[Material provided]
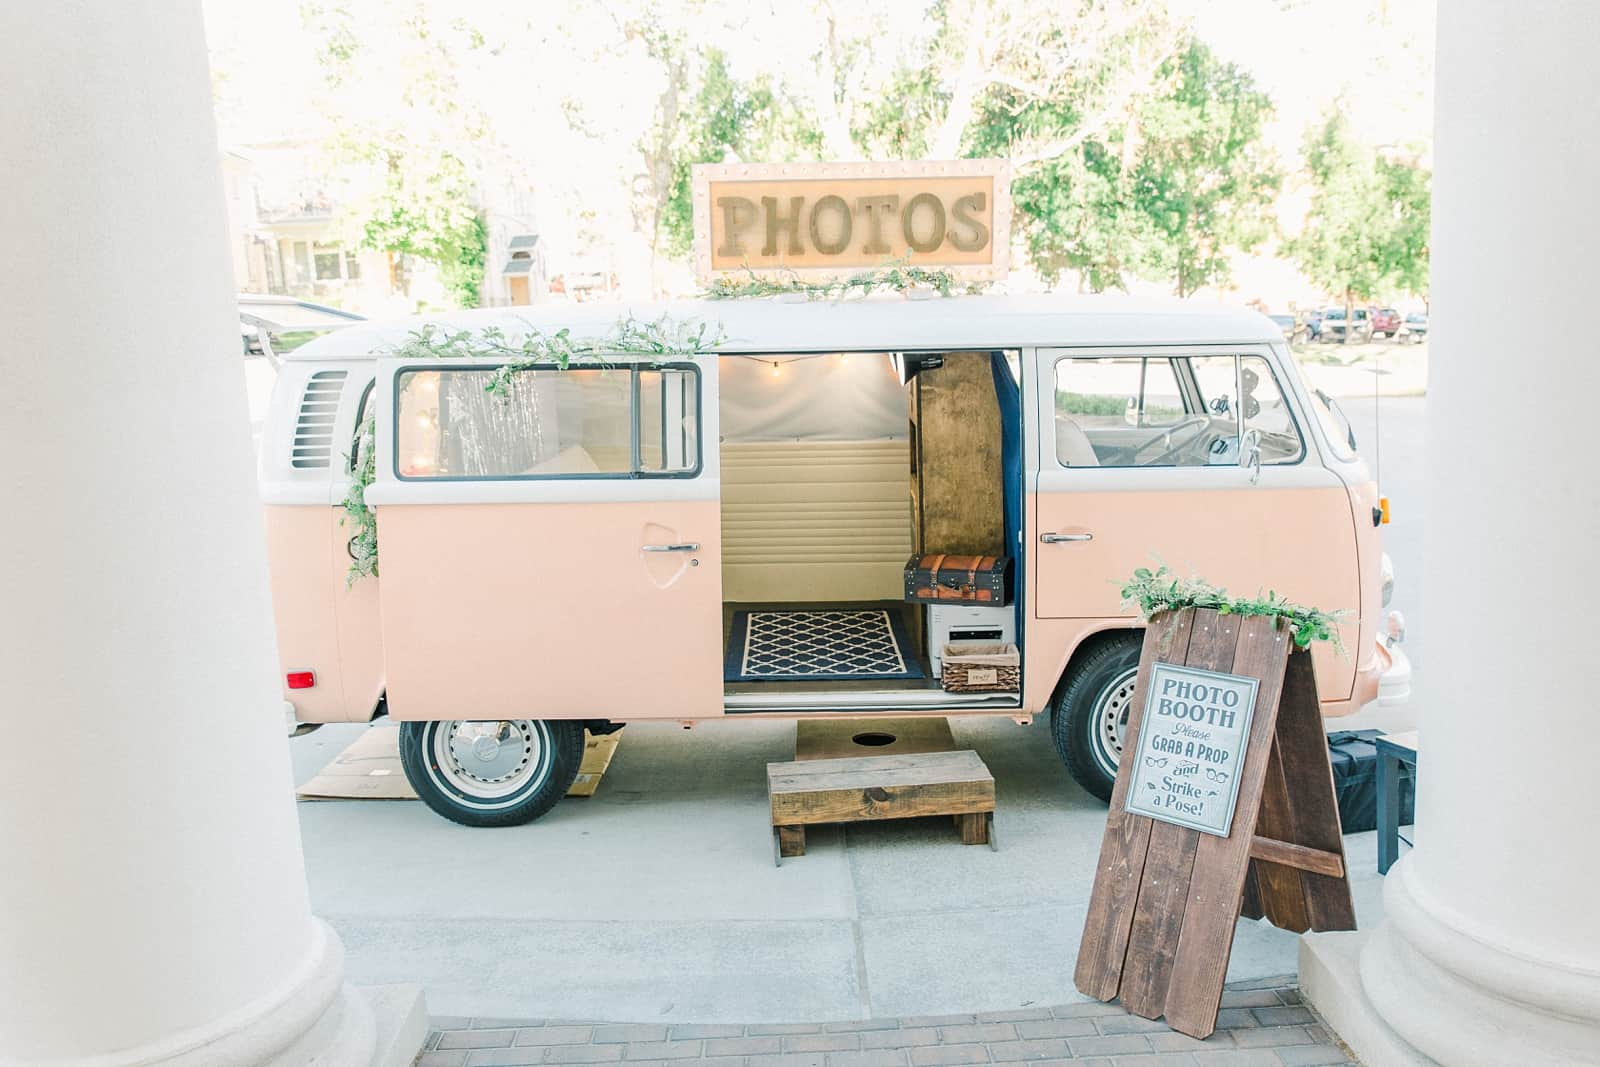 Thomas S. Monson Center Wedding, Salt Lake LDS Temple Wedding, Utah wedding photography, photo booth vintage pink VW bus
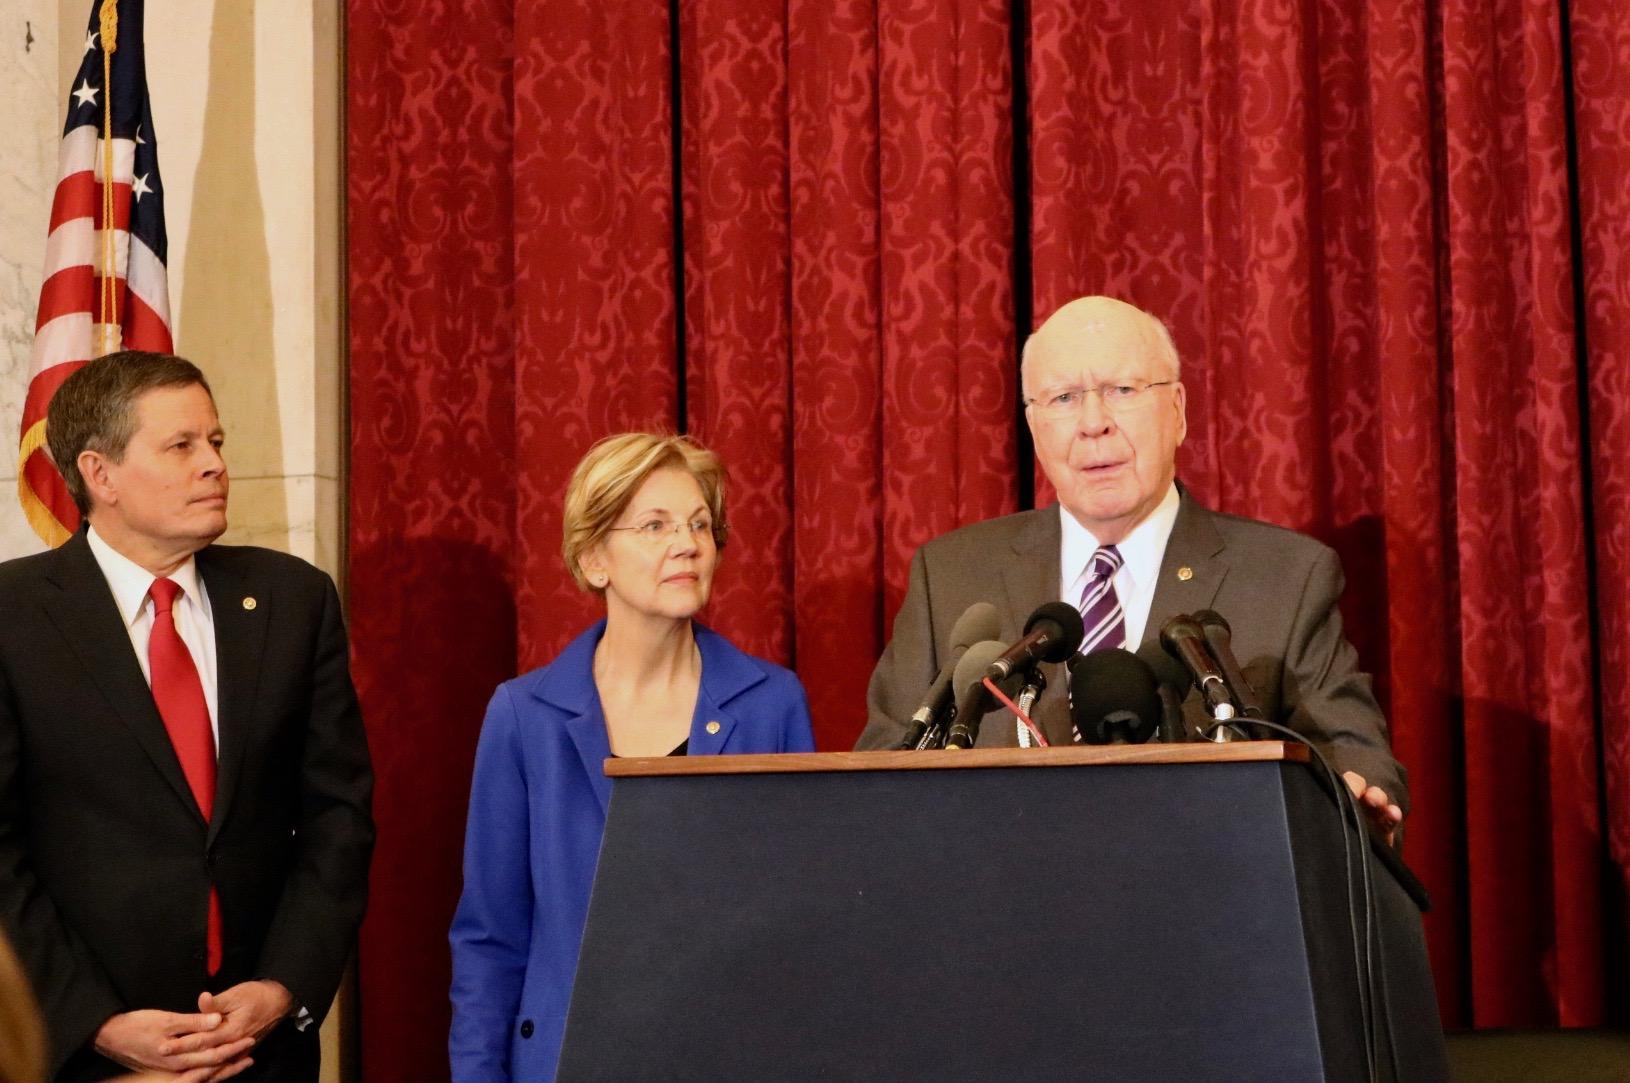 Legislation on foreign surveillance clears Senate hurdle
[/Material provided]
[Material provided]
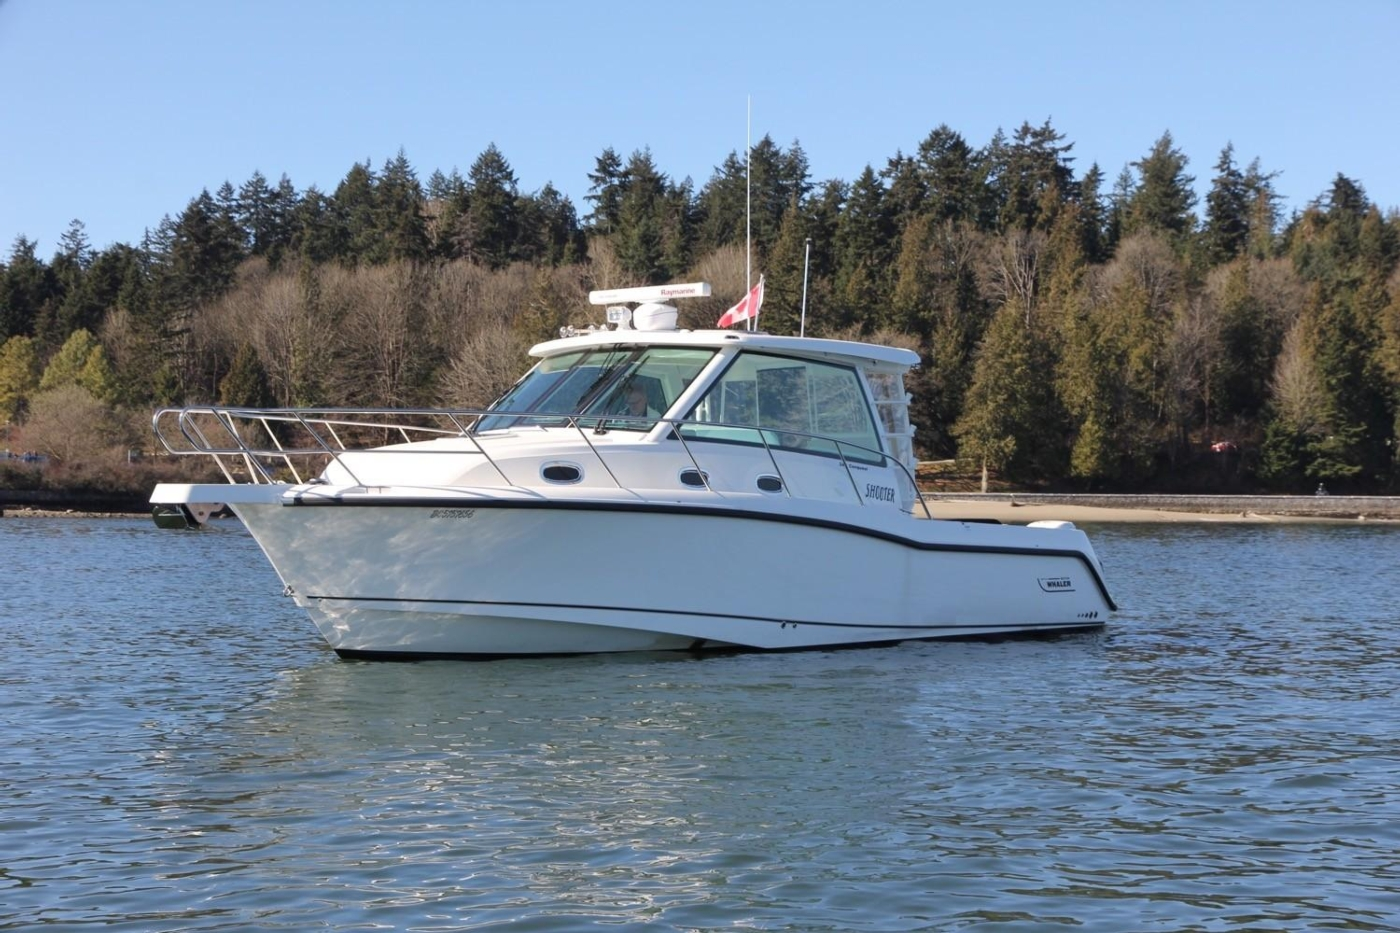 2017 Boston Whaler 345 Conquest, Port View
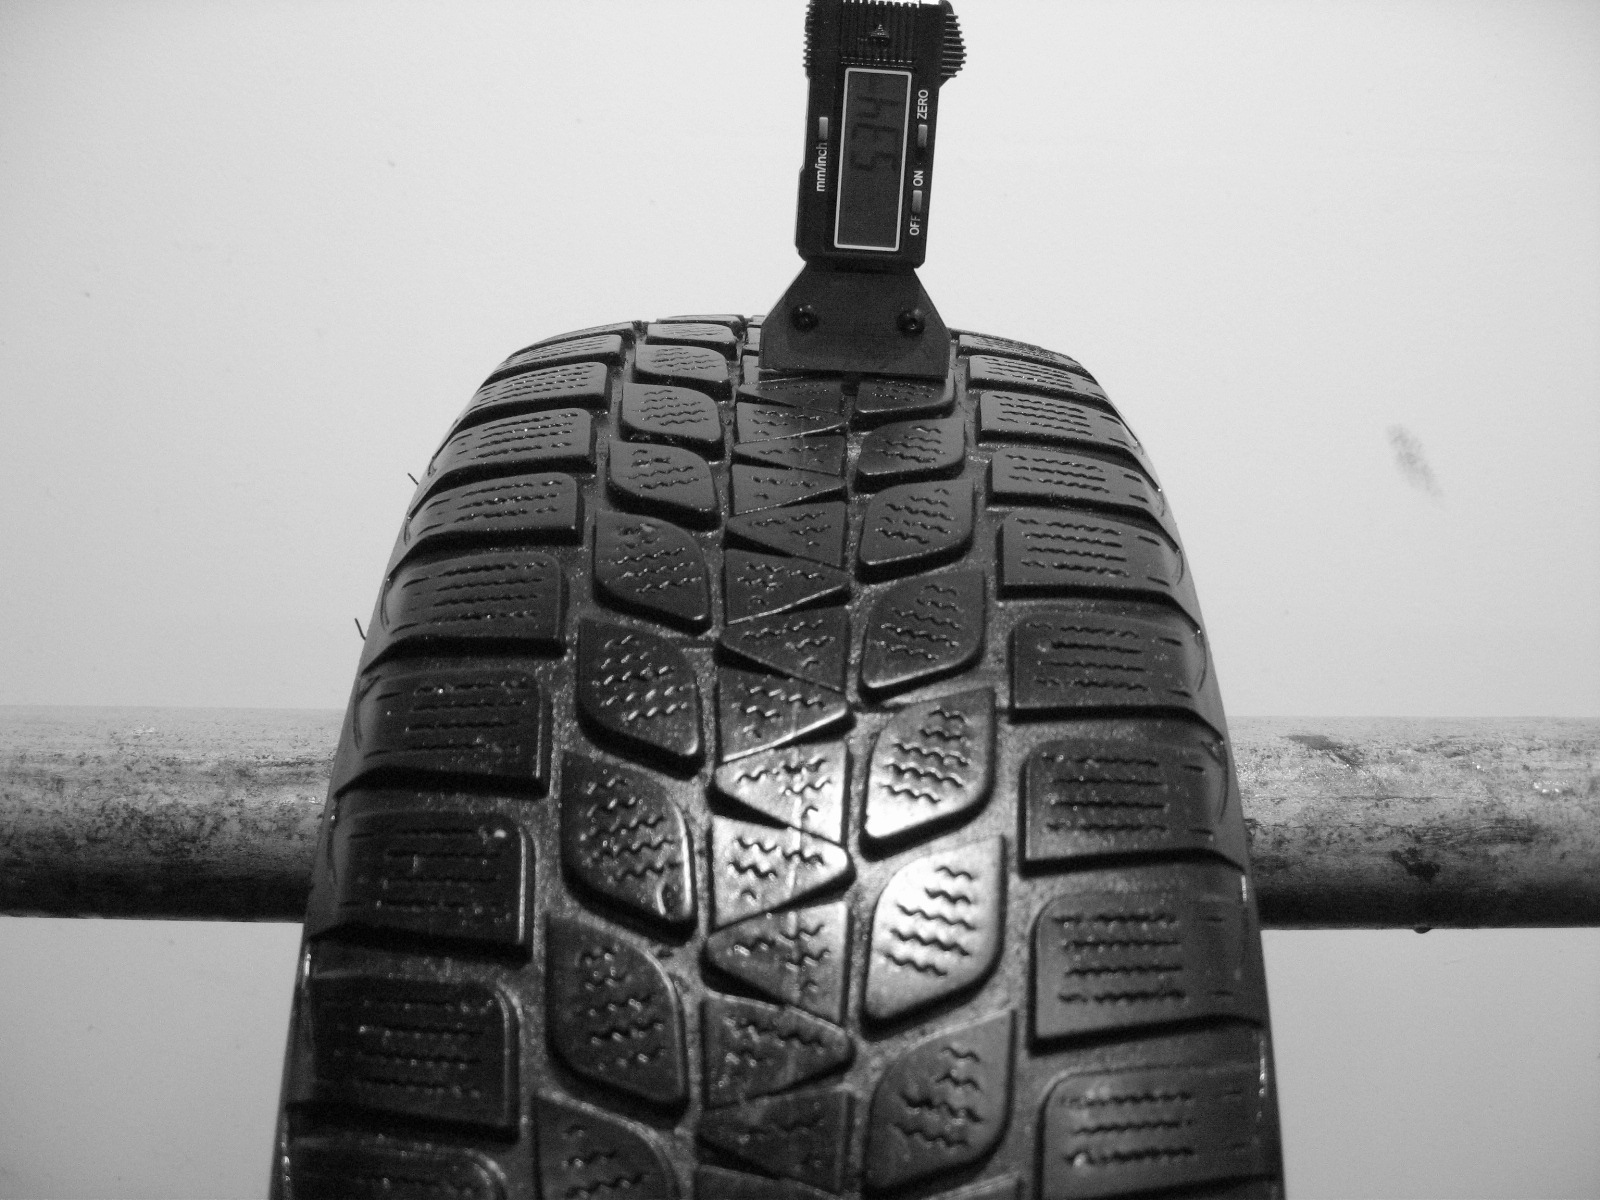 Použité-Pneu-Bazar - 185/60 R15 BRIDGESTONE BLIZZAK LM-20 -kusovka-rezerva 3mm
[/Material provided]
[Material provided]
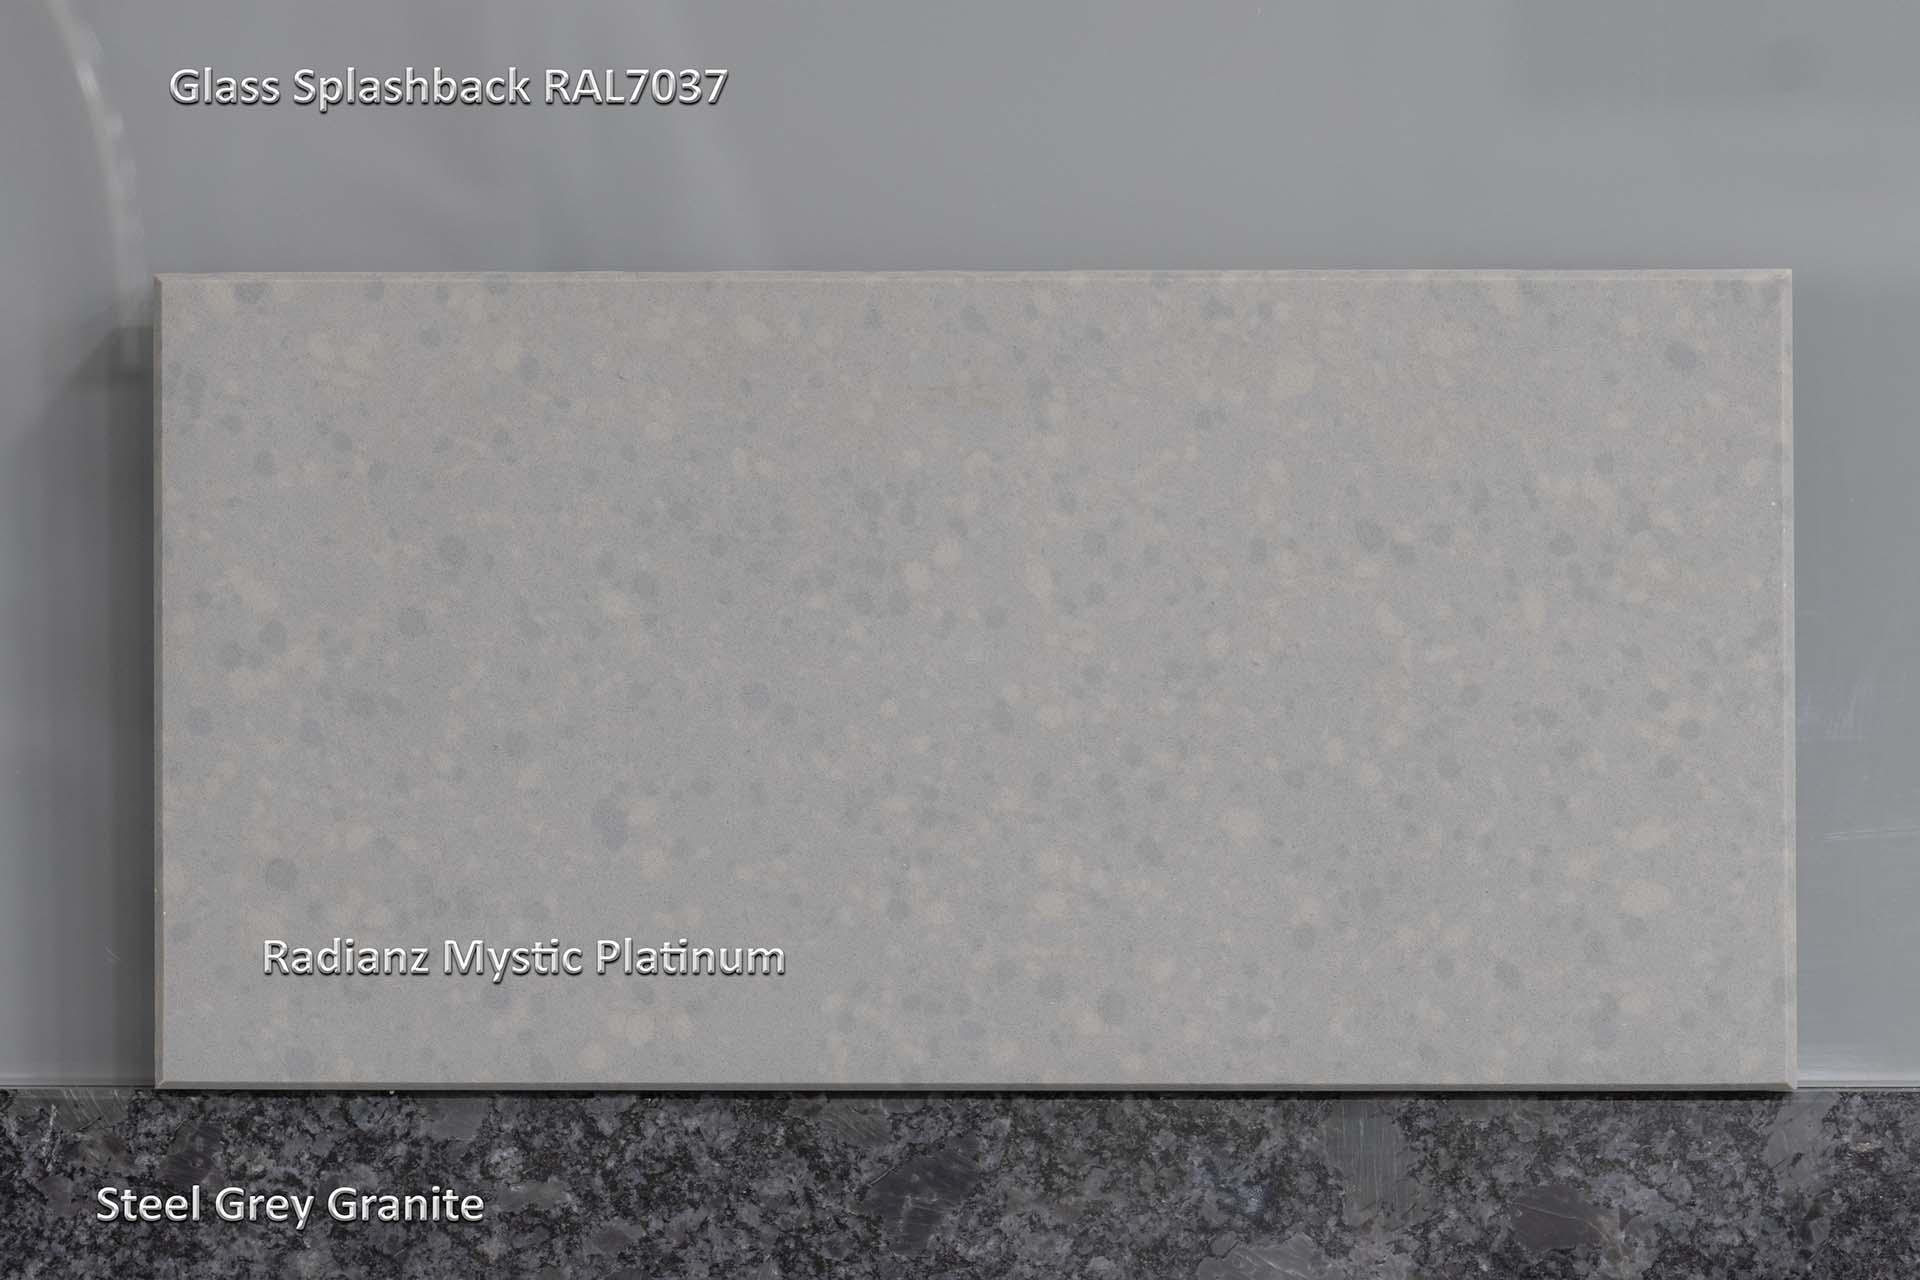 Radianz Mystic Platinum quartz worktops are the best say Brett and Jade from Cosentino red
[/Material provided]
[What you should do] Pictures excluded, reproduce only the part above that opens with the line holding "Thomas S. Monson" and closes with the line holding "Legislation on foreign", exactly as written.

[Solution for this problem]
 Thomas S. Monson Center Wedding, Salt Lake LDS Temple Wedding, Utah wedding photography, photo booth vintage pink VW bus
 Legislation on foreign surveillance clears Senate hurdle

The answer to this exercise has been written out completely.